▶ **Description of the task**
No pictures belong in the copy. Retype exactly, and only, the stretch of lines below from the one with "John Cena 2016 Wallpaper HD" through the one with "Kolczyki Boho Chic Żółte Frędzle".

▶ **Exercise material**
★ ★ ★ ★ ★ ★ ★

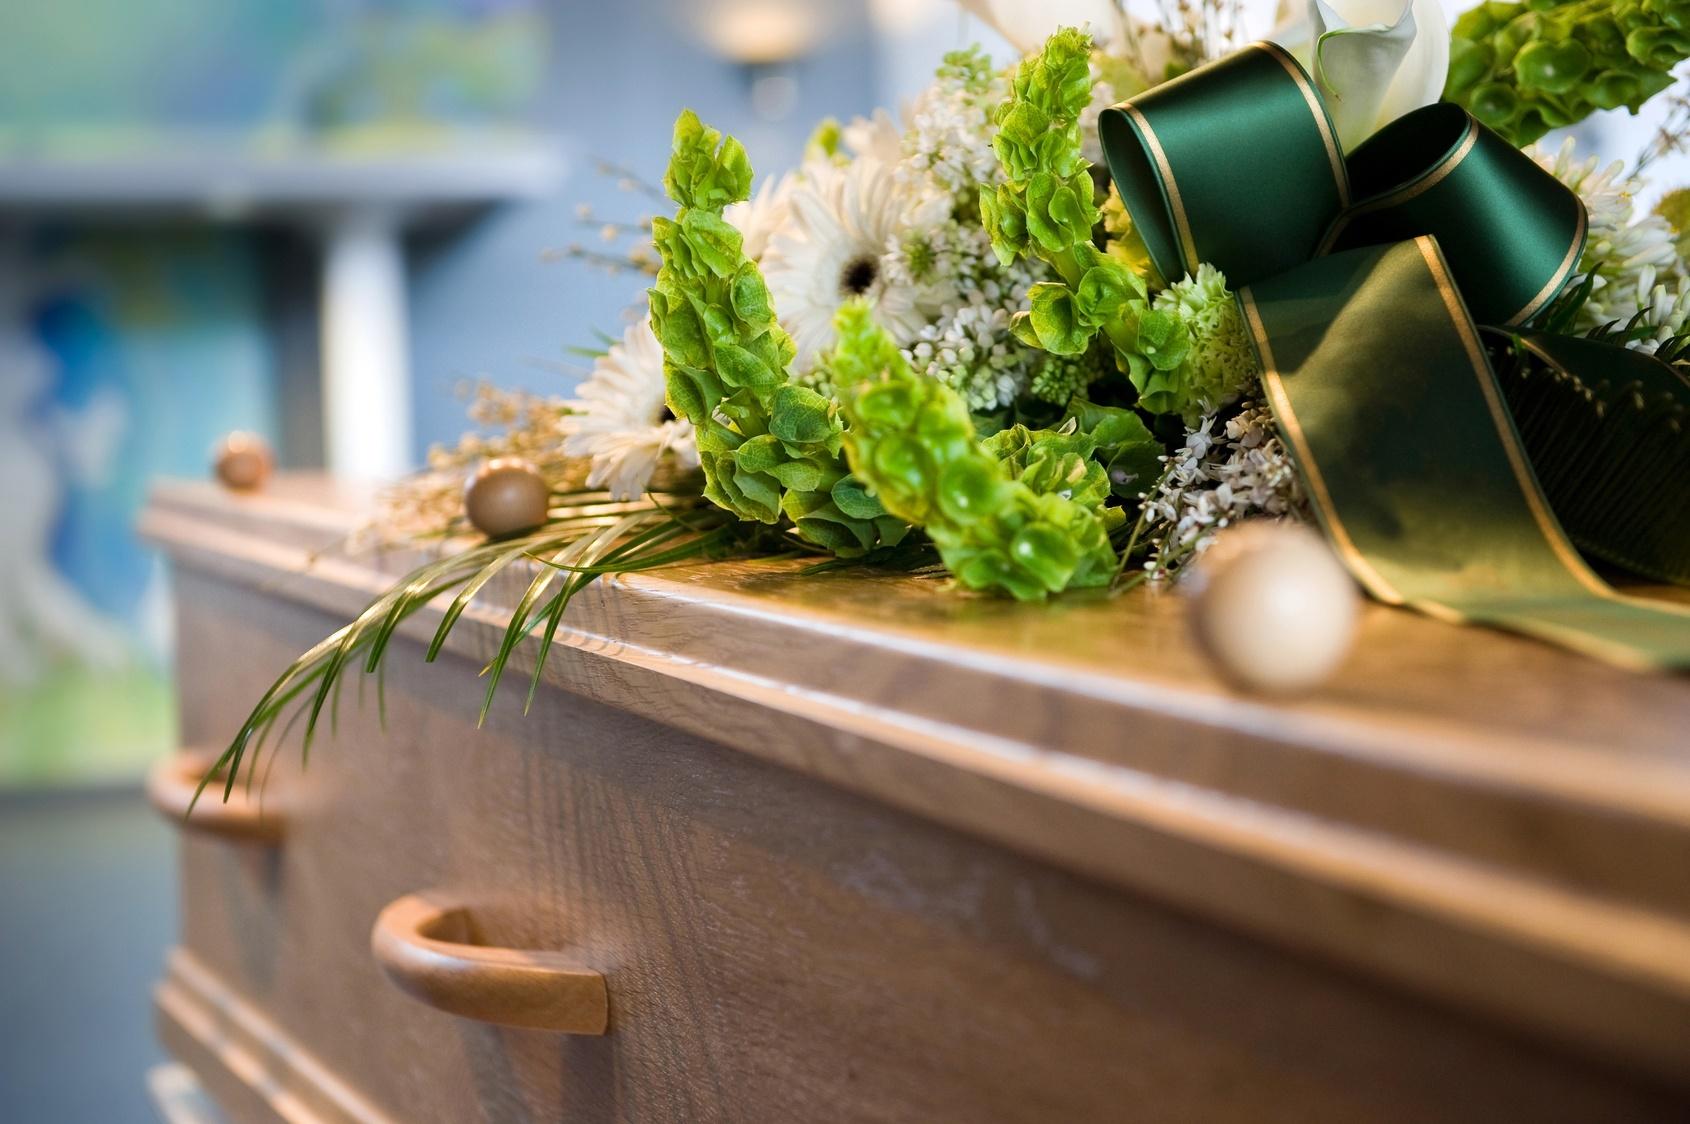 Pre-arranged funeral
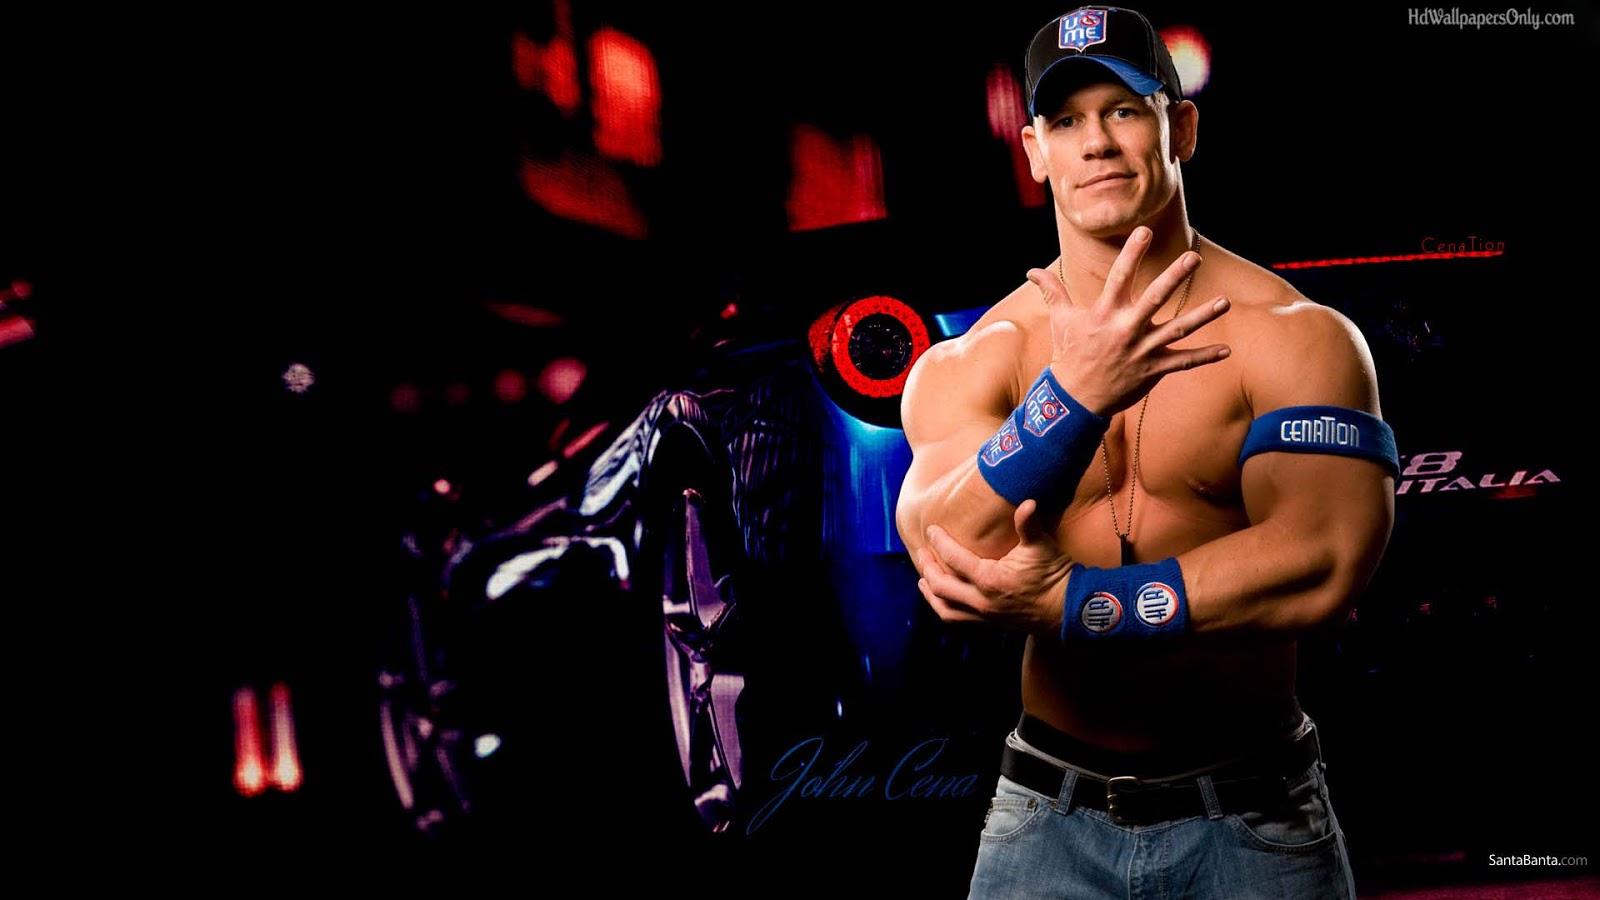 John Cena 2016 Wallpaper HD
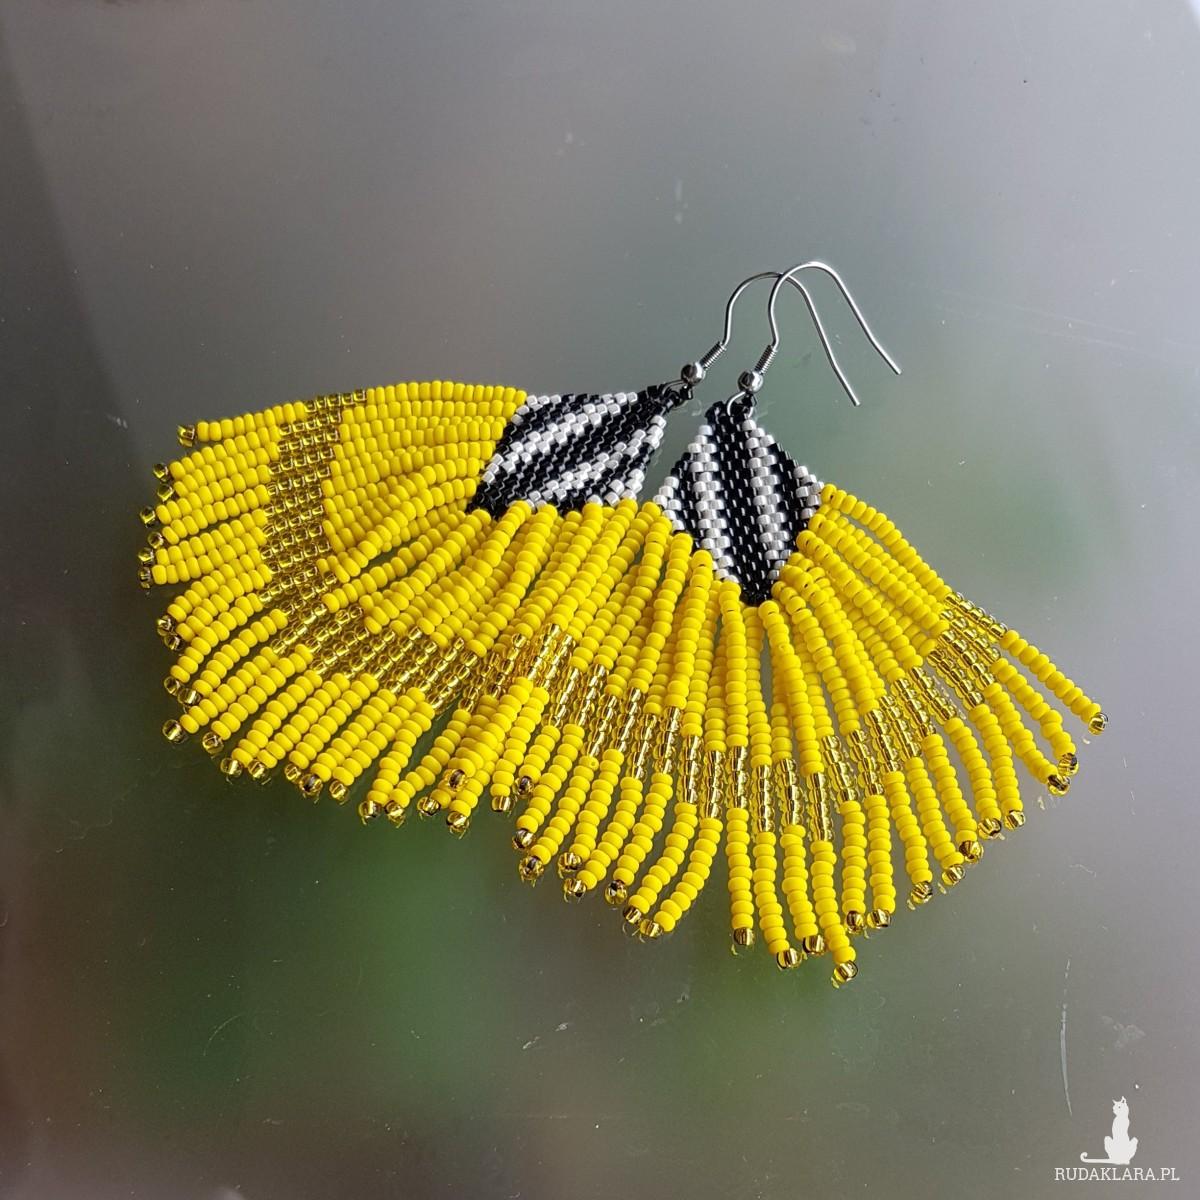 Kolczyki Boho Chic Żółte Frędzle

★ ★ ★ ★ ★ ★ ★

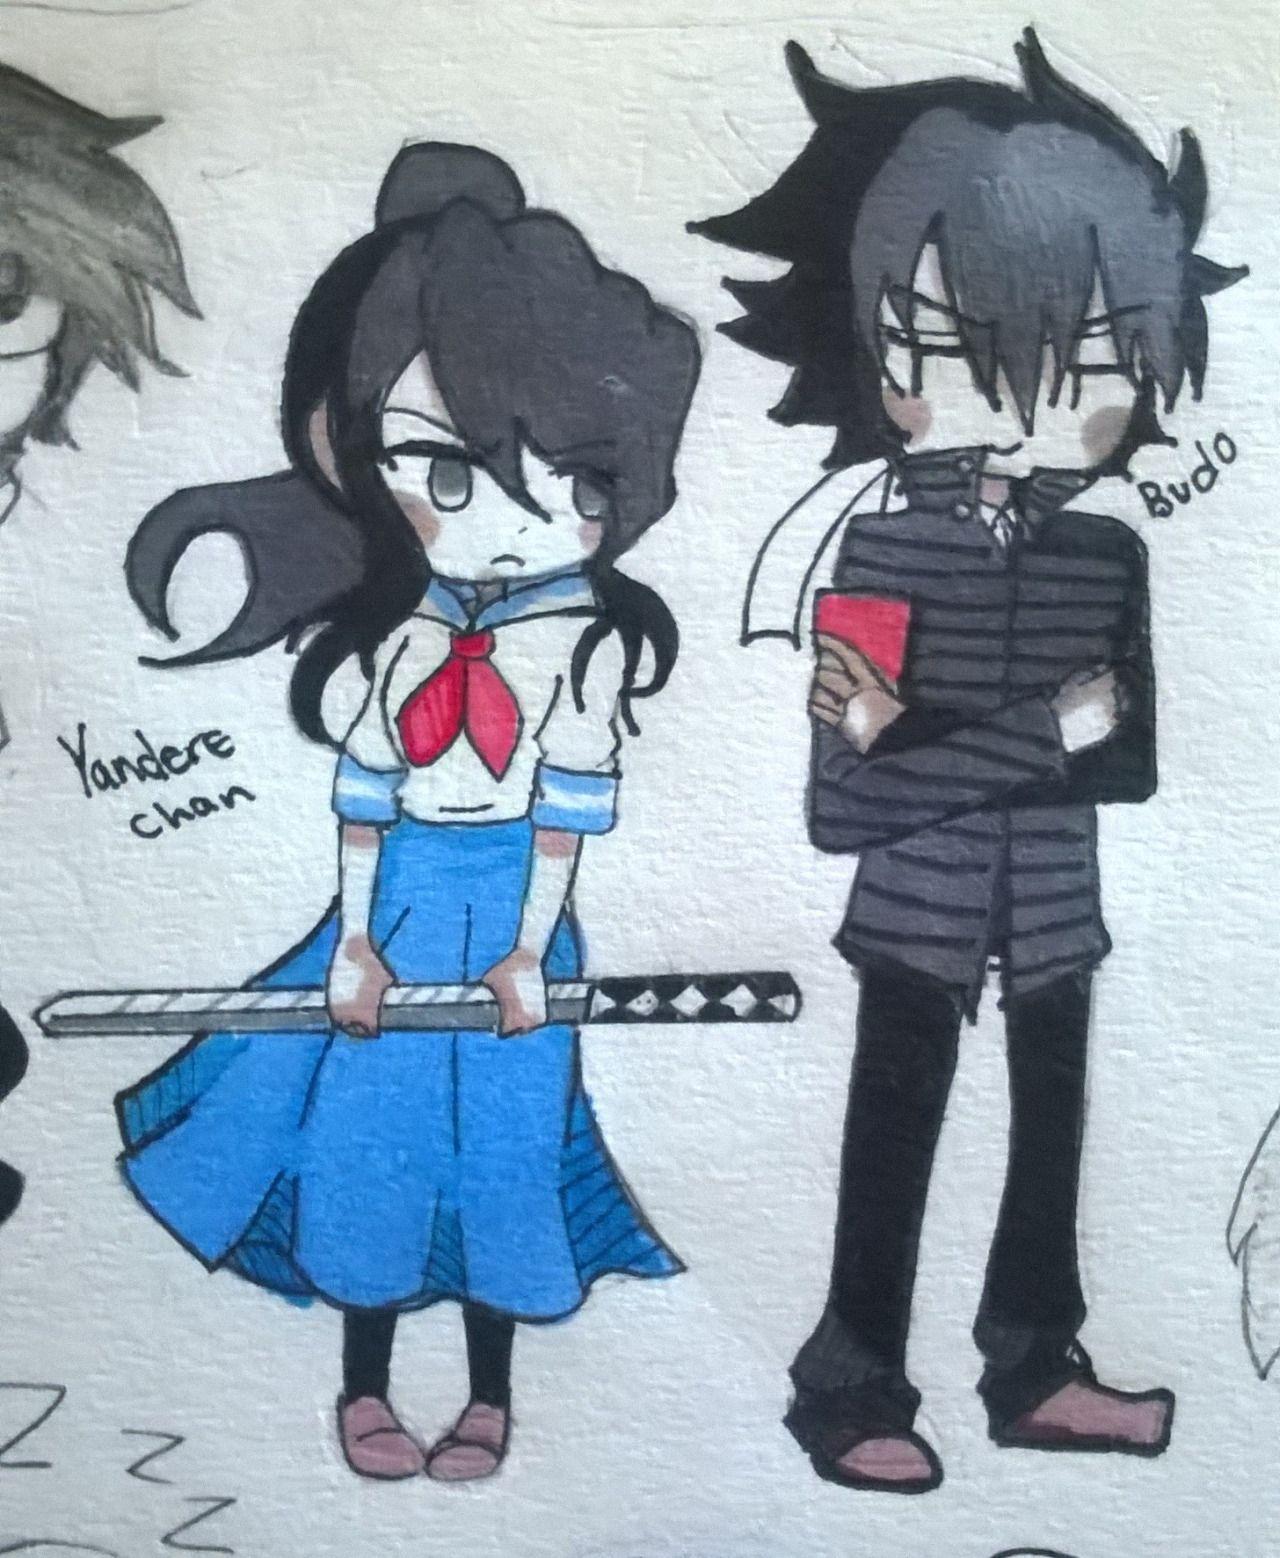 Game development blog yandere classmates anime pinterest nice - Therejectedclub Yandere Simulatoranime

★ ★ ★ ★ ★ ★ ★

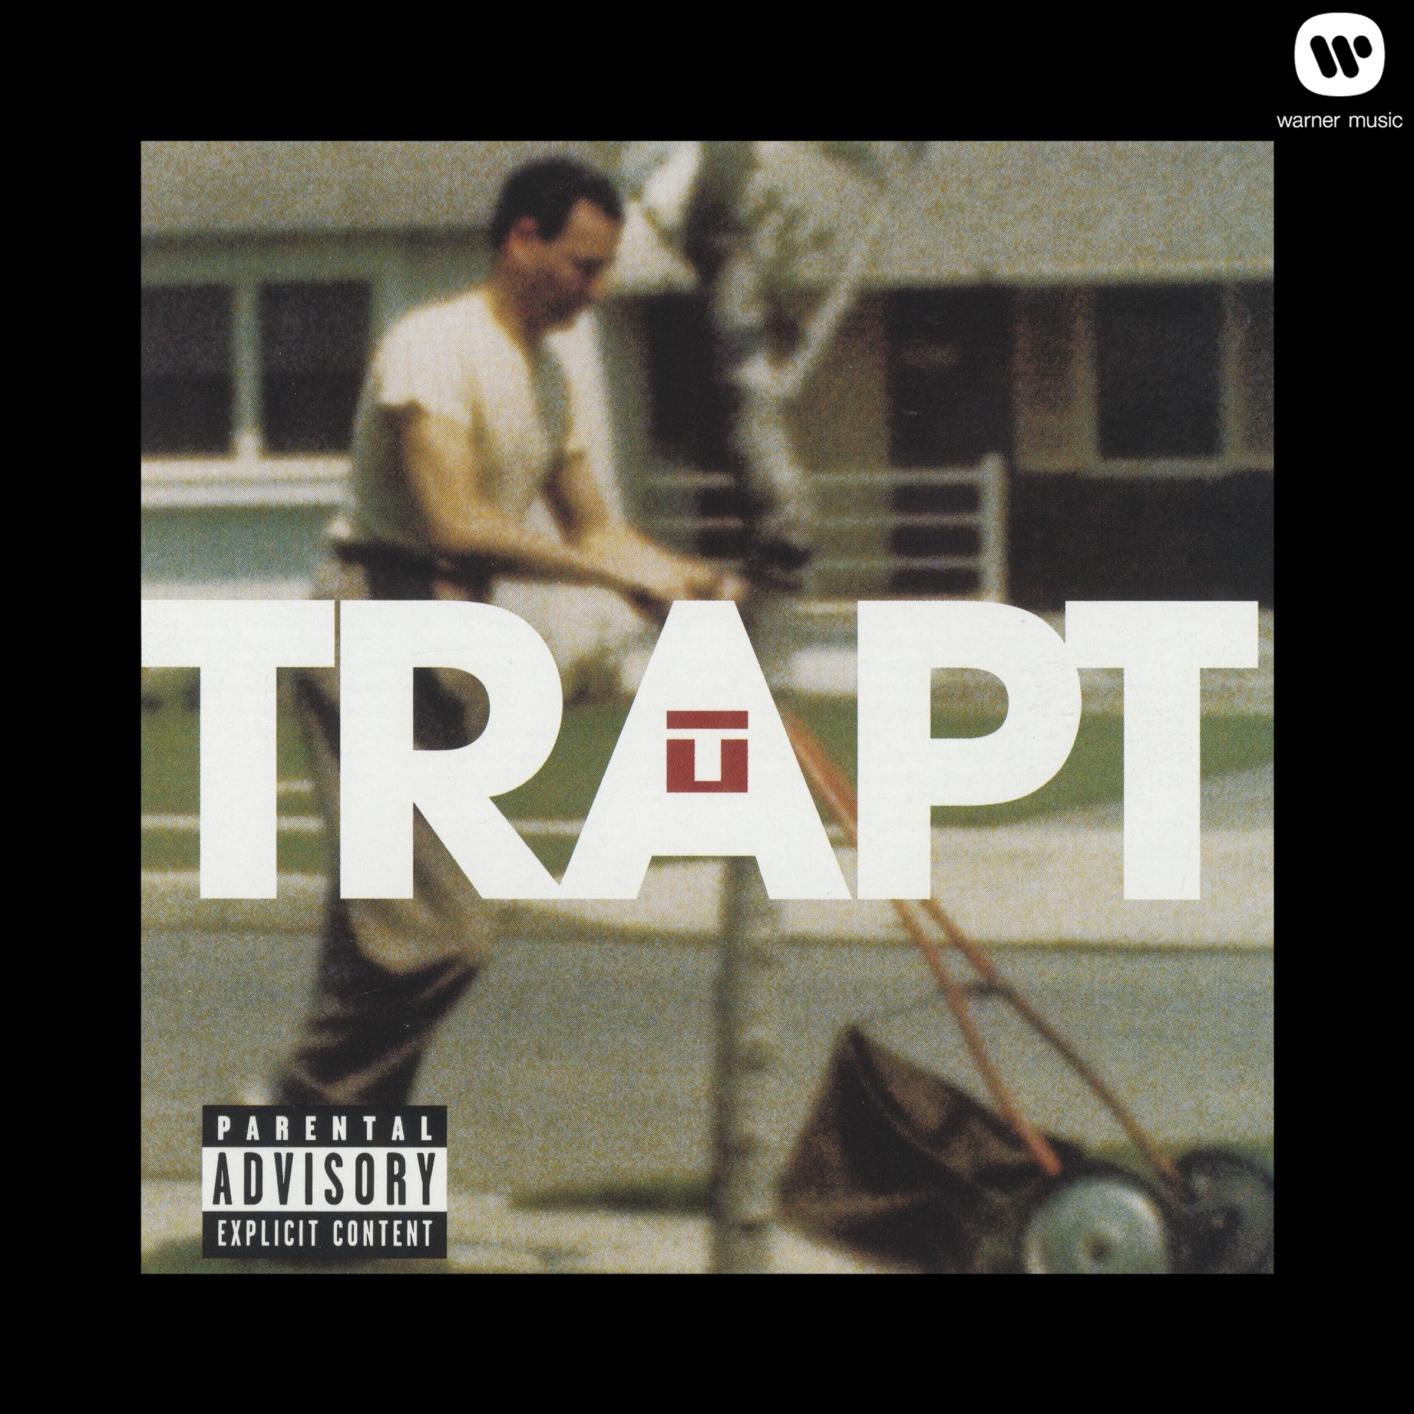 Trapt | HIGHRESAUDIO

★ ★ ★ ★ ★ ★ ★

▶ **Output for this exercise**
 John Cena 2016 Wallpaper HD
 Kolczyki Boho Chic Żółte Frędzle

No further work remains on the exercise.